Action item
Omitting all images, set down every line below exactly as it appears.

Information shown
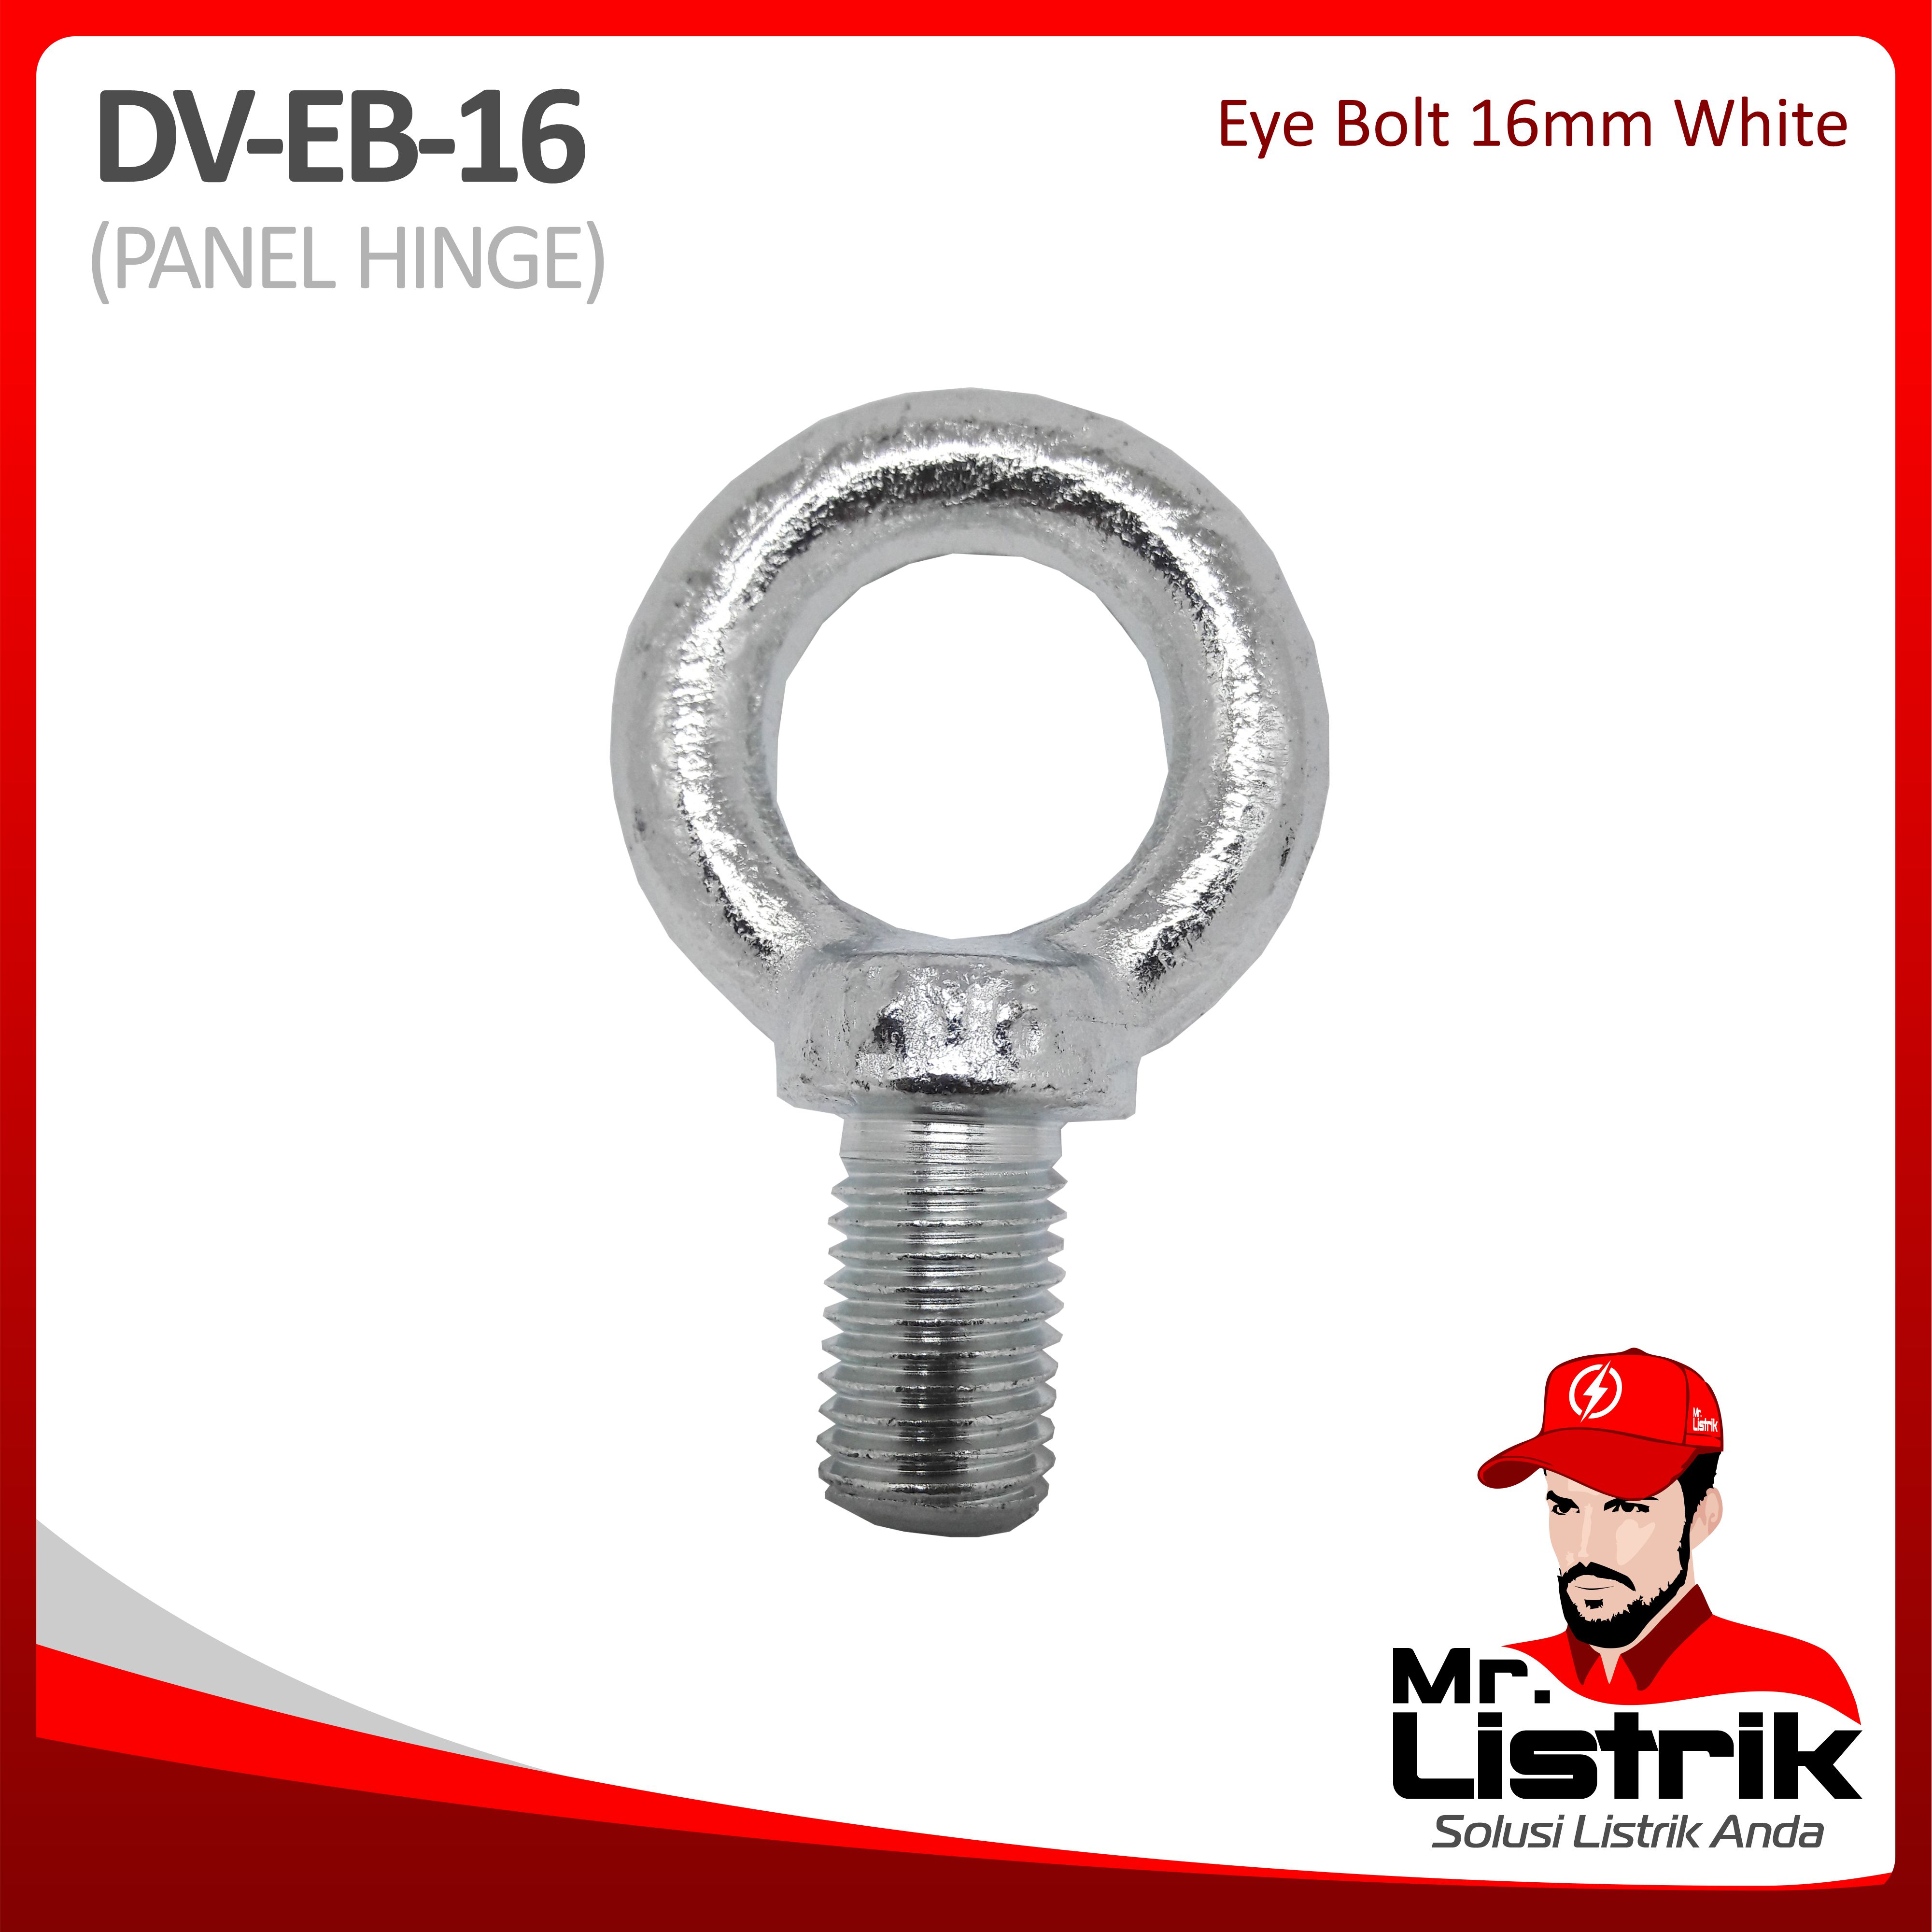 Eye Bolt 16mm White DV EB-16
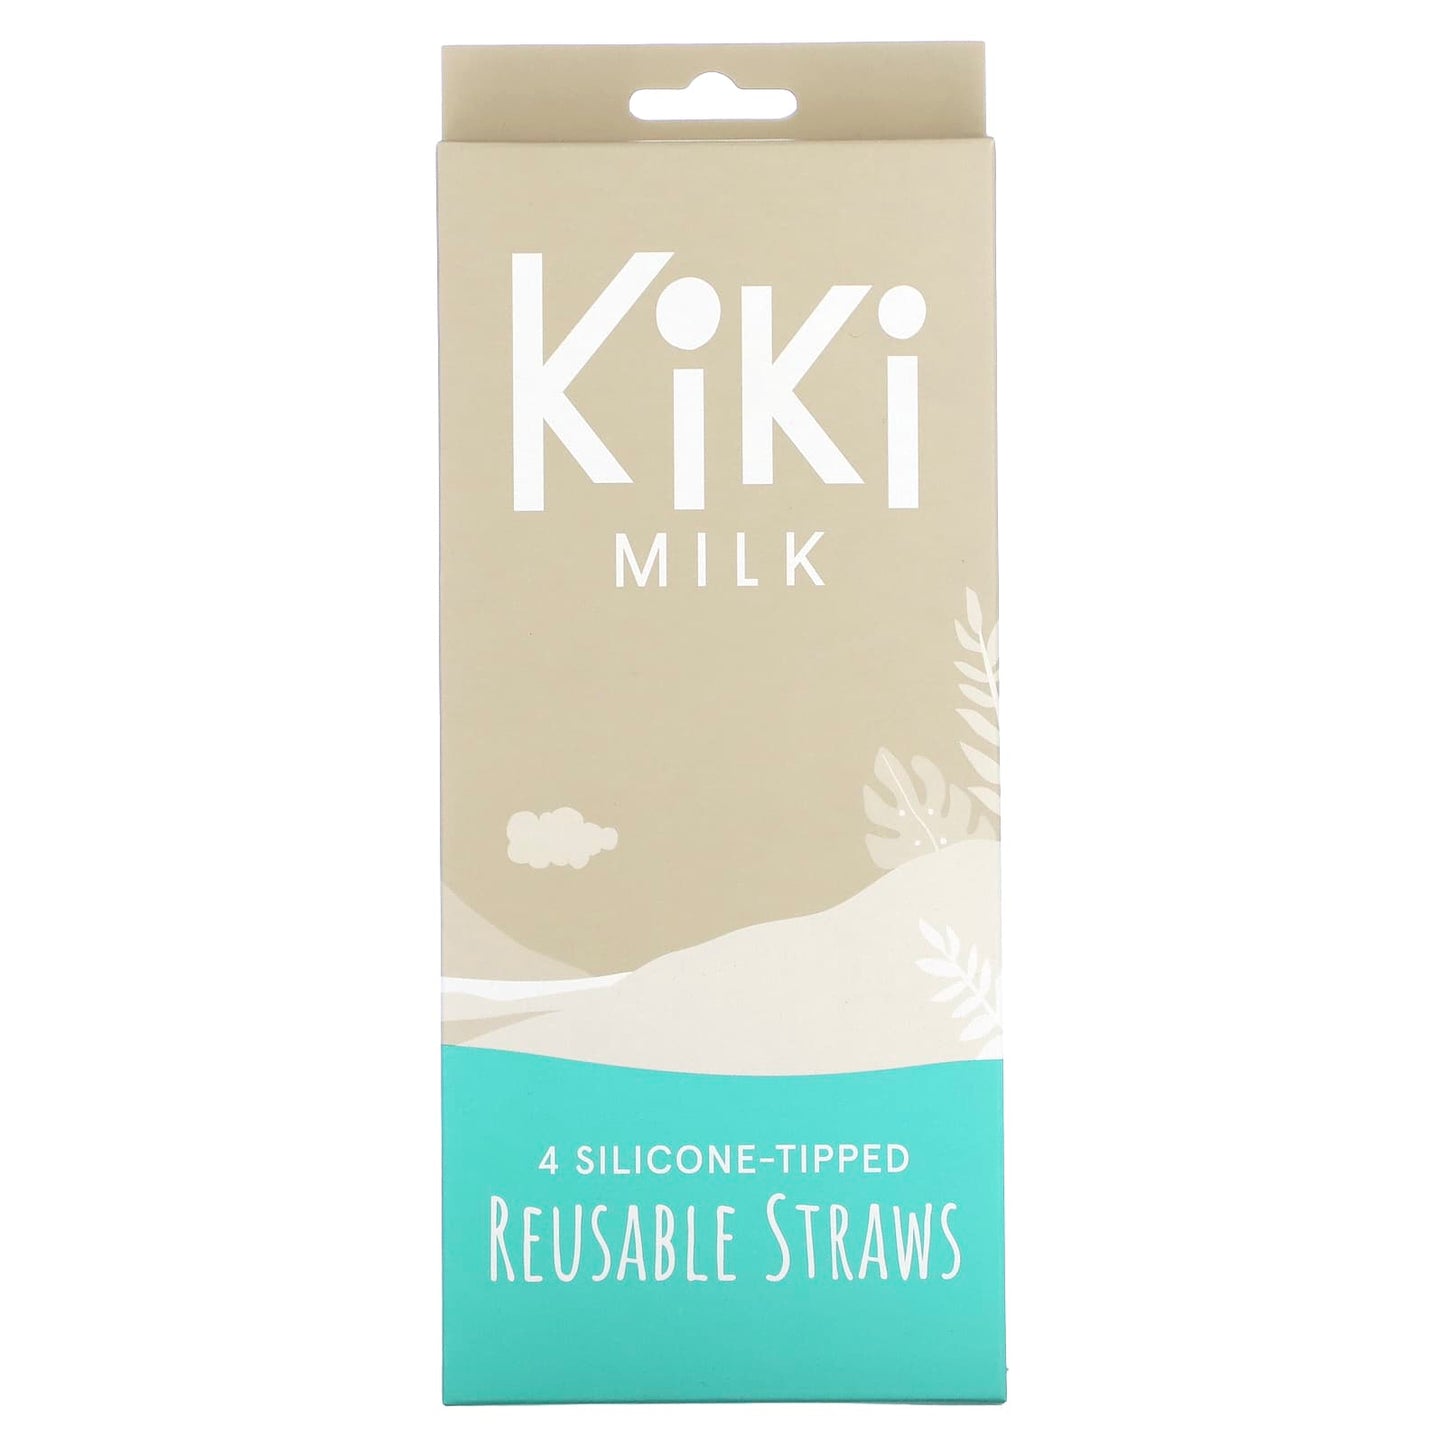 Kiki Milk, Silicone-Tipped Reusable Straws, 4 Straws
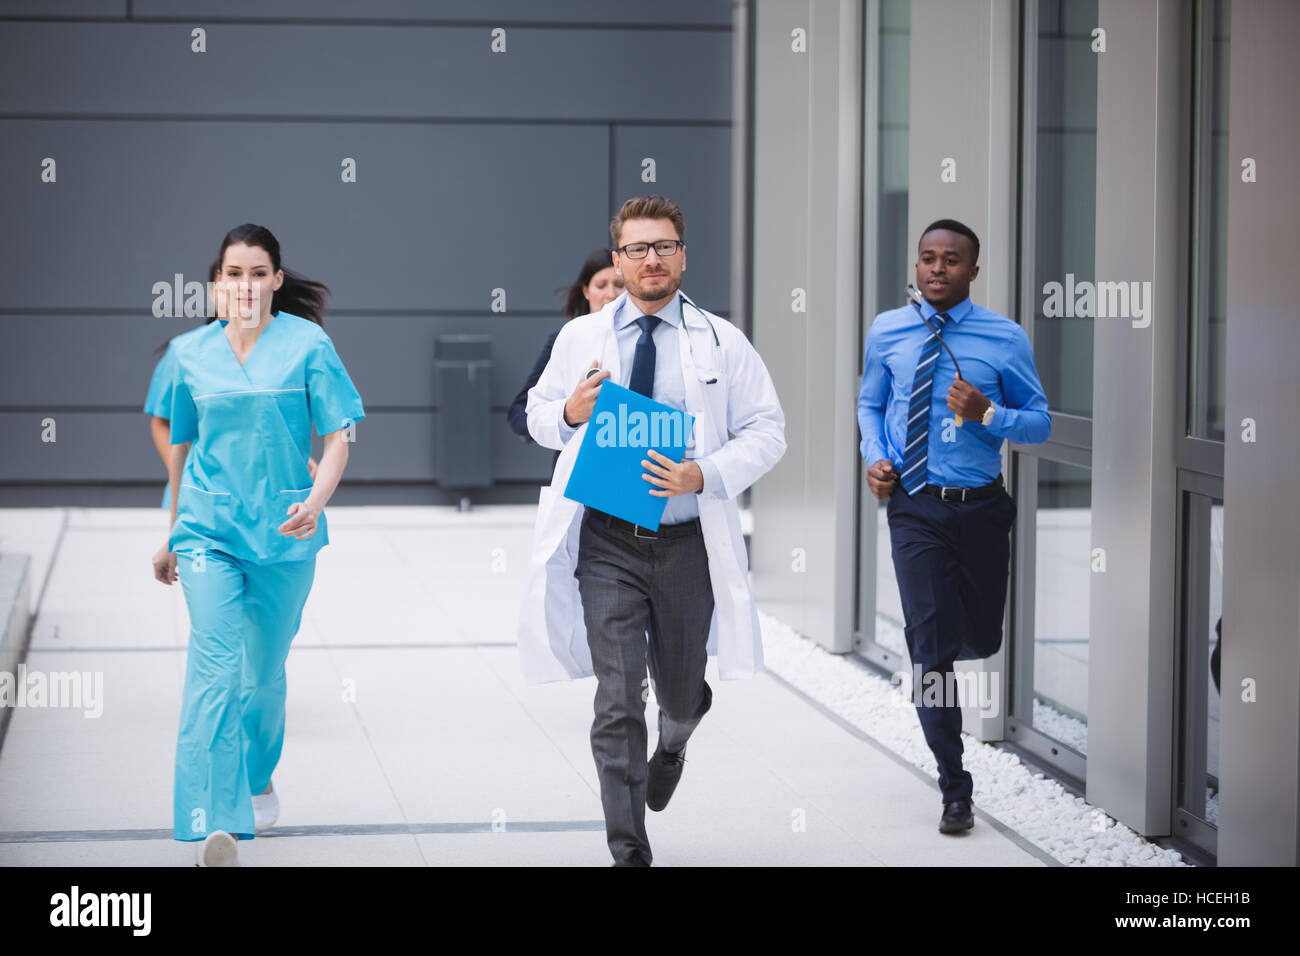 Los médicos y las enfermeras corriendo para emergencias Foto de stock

Reply to the task
 Eye Bolt 16mm White DV EB-16
 Kiki Milk, Silicone-Tipped Reusable Straws, 4 Straws
 Los médicos y las enfermeras corriendo para emergencias Foto de stock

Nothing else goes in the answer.